Take a look at tests/test_energy.py. You can see that I’ve done some imports, setup some test states and then defined two testing functions:

# Note that only functions whose name begins with test_ get run by pytest
def E_prediction_all_the_same(L): 
    "The exact energy in for the case where all spins are up or down"
    return -(4*(L - 2)**2 + 12*(L-2) + 8)

def test_exact_energies():
    for state in [all_up, all_down]:
        L = state.shape[0]
        assert energy(state) == E_prediction_all_the_same(L)

I will defer to external resources for a full discussion of the philosophy of testing, but I generally think of tests as an aid to my future debugging. If I make a change that breaks something then I want my tests to catch that and to make it clear what has broken. As such I generally put tests that check very basic properties of my code early on in the file and then follow them with tests that probe more subtle things or more obscure edge cases.

test_exact_energies checks that the energies of our exact states come out as we calculated they should in chapter 1. This is testing a very limited space of the possible inputs to energy so we’d like to find some way to be more confident that our implementation is correct.

One is to test multiple independent implementations against one another: test_energy_implementations checks our numpy implementation against our numba one. This should catch implementation bugs because it’s unlikely we will make the same such error in both implementations.

def test_energy_implementations():
    for state in states:
        assert np.allclose(energy(state), energy_numpy(state))

However, if we have made some logical errors in how we’ve defined the energy, that error will likely appear in both implementations and thus won’t be caught by this.

Generally what we will do now, is that as we write more code or add new functionality we will add tests to check that functionality.

Coverage Testing¶

A useful aspect of testing is coverage. This involves looking at how much of your code is actually ‘covered’ by the tests you’ve written. That is, which individual lines of your code are actually being run by your tests. Tools like pytest-cov can measure coverage. Unfortunately Numba does not play super well with pytest-cov, so we have to turn off Numba using an environment variable so that we can run pytest-cov and generate the ‘test report’.

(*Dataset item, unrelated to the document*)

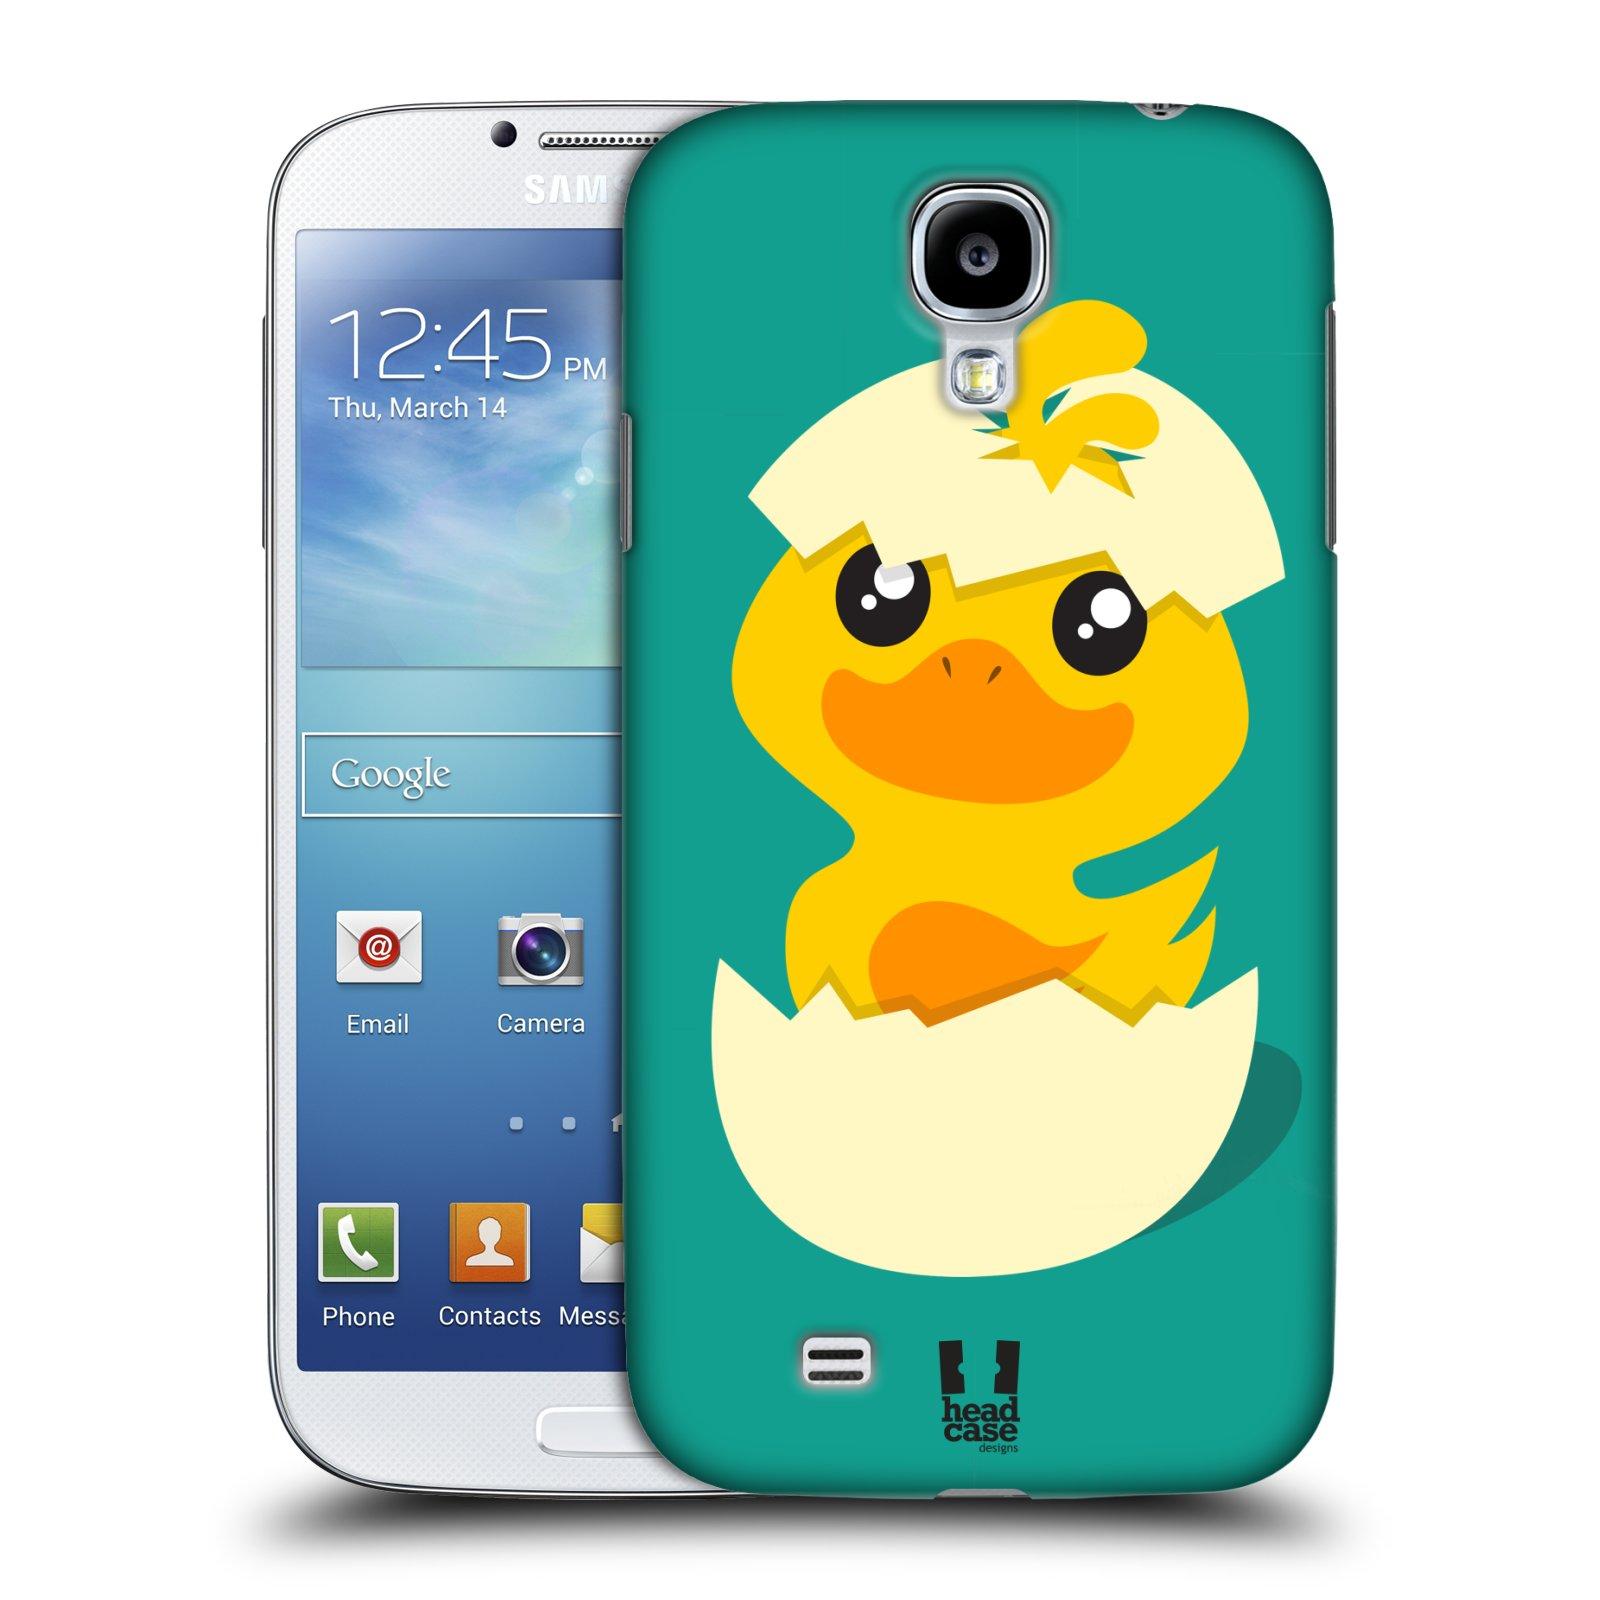 Plastové pouzdro na mobil Samsung Galaxy S4 HEAD CASE KACHNIČKA Z VAJÍČKA (Kryt či obal na mobilní telefon Samsung Galaxy S4 GT-i9505 / i9500)

(recode) tom@TomsLaptop ReCoDE_MCMCFF % pip install pytest-cov # install the coverage testing plugin
(recode) tom@TomsLaptop ReCoDE_MCMCFF % NUMBA_DISABLE_JIT=1 pytest --cov=MCFF --cov-report=term

================================================== test session starts ==================================================
platform darwin -- Python 3.9.12, pytest-7.1.1, pluggy-1.0.0
rootdir: /Users/tom/git/ReCoDE_MCMCFF
plugins: hypothesis-6.46.10, cov-3.0.0
collected 3 items                                                                                                       

code/tests/test_energy.py ..                                                                                      [ 66%]
code/tests/test_energy_using_hypothesis.py .                                                                      [100%]

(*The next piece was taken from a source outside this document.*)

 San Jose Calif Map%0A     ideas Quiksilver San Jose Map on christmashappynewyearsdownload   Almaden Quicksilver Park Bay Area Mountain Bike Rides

---------- coverage: platform darwin, python 3.9.12-final-0 ----------
Name                           Stmts   Miss  Cover
--------------------------------------------------
code/src/MCFF/__init__.py          0      0   100%
code/src/MCFF/ising_model.py      22      3    86%
code/src/MCFF/mcmc.py             14     14     0%
--------------------------------------------------
TOTAL                             36     17    53%


=================================================== 3 passed in 1.89s ===================================================

Ok so this is telling us that we currently test 86% of the lines in ising_model.py. We can also change --cov-report=html to get a really nice html output which shows which parts of our code aren’t being run.

A warning though, testing 100% of your lines of code doesn’t mean it’s correct, you need to think carefully about the data you test on, try to pick the hardest examples you can think of! What edge cases might there be that would break your code? Zero, empty strings and empty arrays are classic examples.

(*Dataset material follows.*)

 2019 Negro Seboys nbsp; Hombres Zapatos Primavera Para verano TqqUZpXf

Advanced Testing Methods: Property Based Testing¶

I won’t go into huge detail here, but I thought it would be nice to make you aware of a nice library called Hypothesis that helps with this problem of finding edge cases. Hypothesis gives you tools to generate randomised inputs to functions, so as long as you can come up with some way to verify the output is correct or has the correct properties (or just that the code doesn’t throw and error!) then this can be a powerful method of testing.

Take a look in test_energy_using_hypothesis.py

from hypothesis.extra import numpy as hnp

@given(hnp.arrays(dtype = int,
                 shape = hnp.array_shapes(min_dims = 2, max_dims = 2),
                 elements = st.sampled_from([1, -1])))
def test_generated_states(state):
    assert np.allclose(energy(state), energy_numpy(state))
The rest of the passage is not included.